To help avoid this, WordPress does actually have a built-in cache called the object cache. It was introduced way back in 2005 and it basically caches database query results. When displaying a post for example, WordPress usually asks the database for information about the author of that post (name, etc.). When another post is displayed by that same author further down the page, instead of asking the database for the information again, WordPress fetches this data out of it’s internal cache. This simple little feature greatly cuts down on the number of queries required to generate a webpage for a visitor.

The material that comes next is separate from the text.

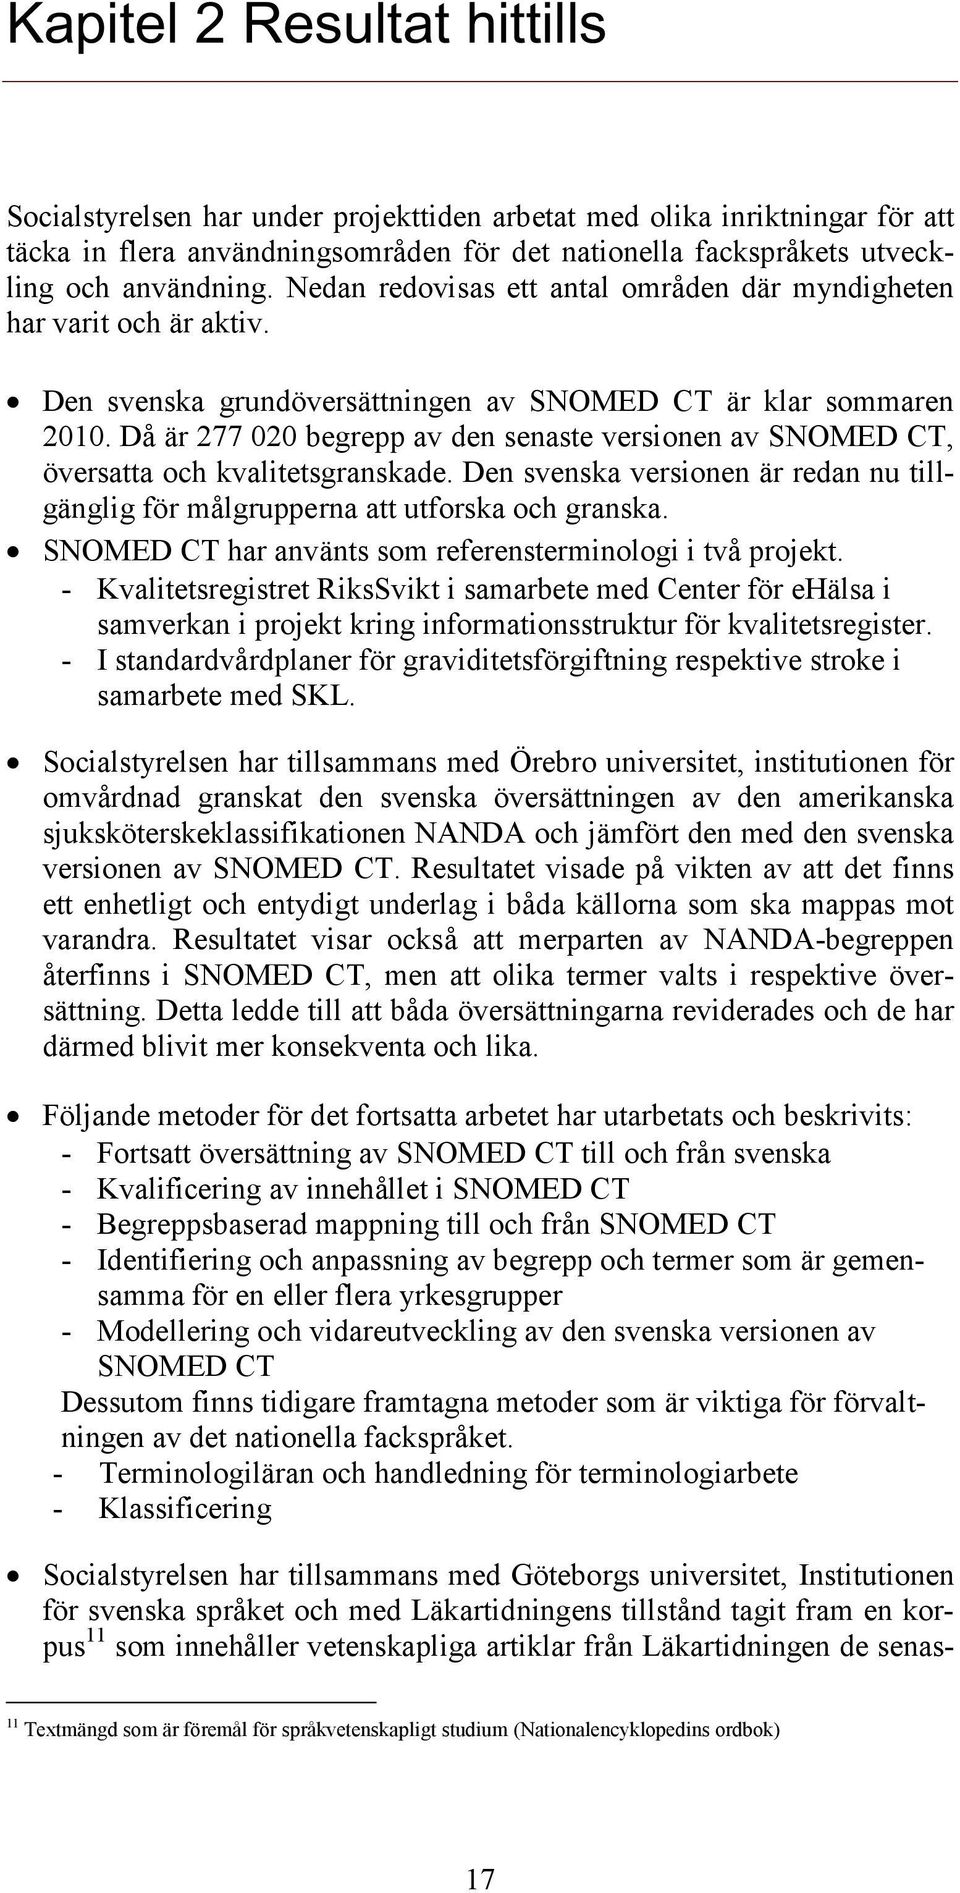 Då är 277 020 begrepp av den senaste versionen av SNOMED CT, översatta och kvalitetsgranskade. Den svenska versionen är redan nu tillgänglig för målgrupperna att utforska och granska.

However as soon as the page is done being generated, that object cache is discarded. Initially the object cache cached these little chunks of data to the filesystem so that they could be reused on subsequent pageviews. While great in theory, the concept turned out to be terrible in practice. You see WordPress has to be able to run on countless different types of server configurations. One common enough configuration that had trouble with this file-based type of caching was where all of your files were network based. Rather than your website’s files being stored on the server that was generating the webpage for the visitor, they were stored on a different server elsewhere in the datacenter. Having to fetch all of these little cache files over the network was a slow and resource intensive exercise. And that’s only one example of many configurations that the file-based caching had trouble with.
What’s worse is that many sites were actually slower with a persistent object cache enabled. Databases are actually quite fast (as they’re designed to store lots of little chunks of data), often faster than fetching that data from the filesystem and decoding it. So for the vast majority of sites, the ones that get relatively low traffic, having a persistent cache was a lot more trouble than it was worth. Just having a temporary object cache is enough.

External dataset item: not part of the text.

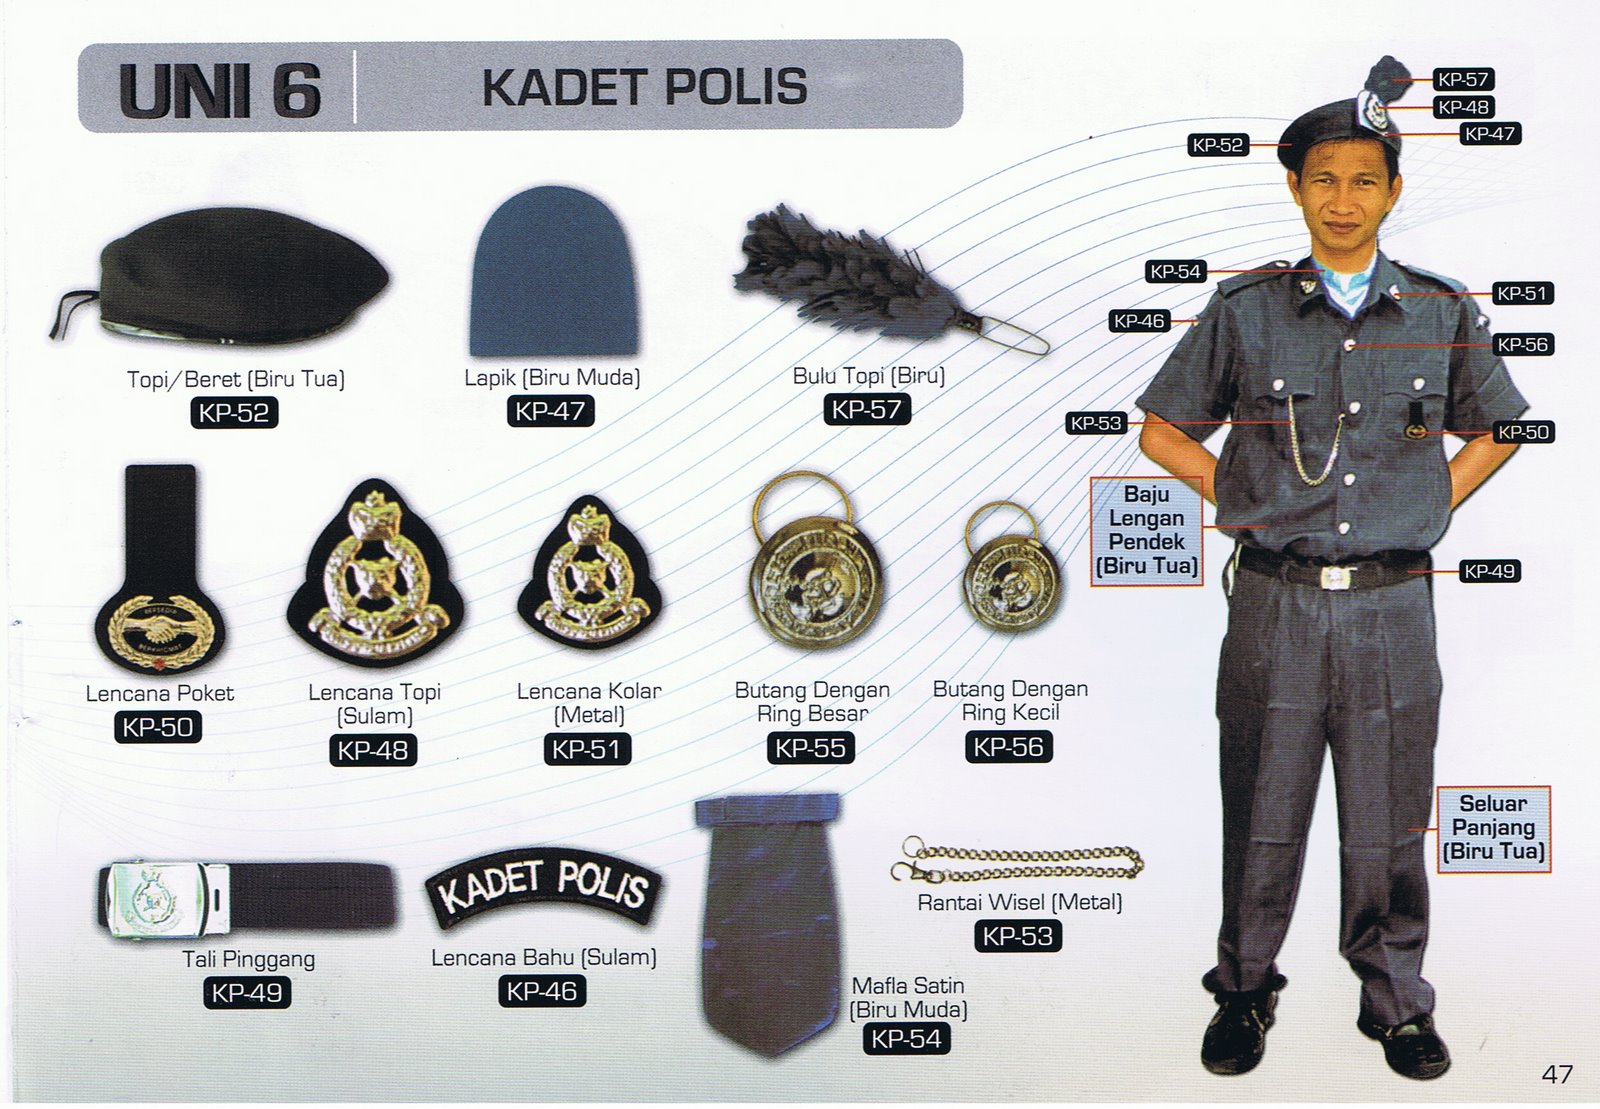 Kor Kadet Polis SMK Taman Daya 3: Kelengkapan Anggota Uniform Kadet Polis

While the same issues don’t really apply to WP Super Cache and other plugins total caching plugins because they caching each page to a single file instead of multiple little files, as with a persistent object cache, it simply isn’t needed for most sites due to lack of traffic. More importantly though, they require setup and there’s a tradeoff as your blog is no longer dynamic. Things like “latest comments” will be out of date for example.
So the WordPress developers have instead decided that the best course of action is to make it really easy to use a caching plugin, both behind the scenes and from the user perspective. You can install a plugin in just a couple of clicks directly from the admin interface.
Infact this is how WordPress development is done as a whole — include things that the majority of users will want and make it easy to install a plugin to do the rest. The core of WordPress should stay as slim as possible — bloat is bad!
I hope that clears up the decision why not to include persistent caching by default in WordPress. 🙂
TL;DR: Persistent caching isn’t needed for most sites and is a pain to get working in all hosting environments. Instead WordPress makes it really easy to install a caching plugin if you need it.
I agree in general that caching lives outside the core functionality.
Another reason worth mentioning is that the vast majority of sites running WP (though Automattic, through wordpress.com stats probably knows better than I) have fewer than 30 visits a day.
Easy implementation and installation is a key part of WP’s success – many who are big users today (like us) just tried it out once on a cheap host they had lying round. In my case the rather dreadful Yahoo! hosting offer about six years ago.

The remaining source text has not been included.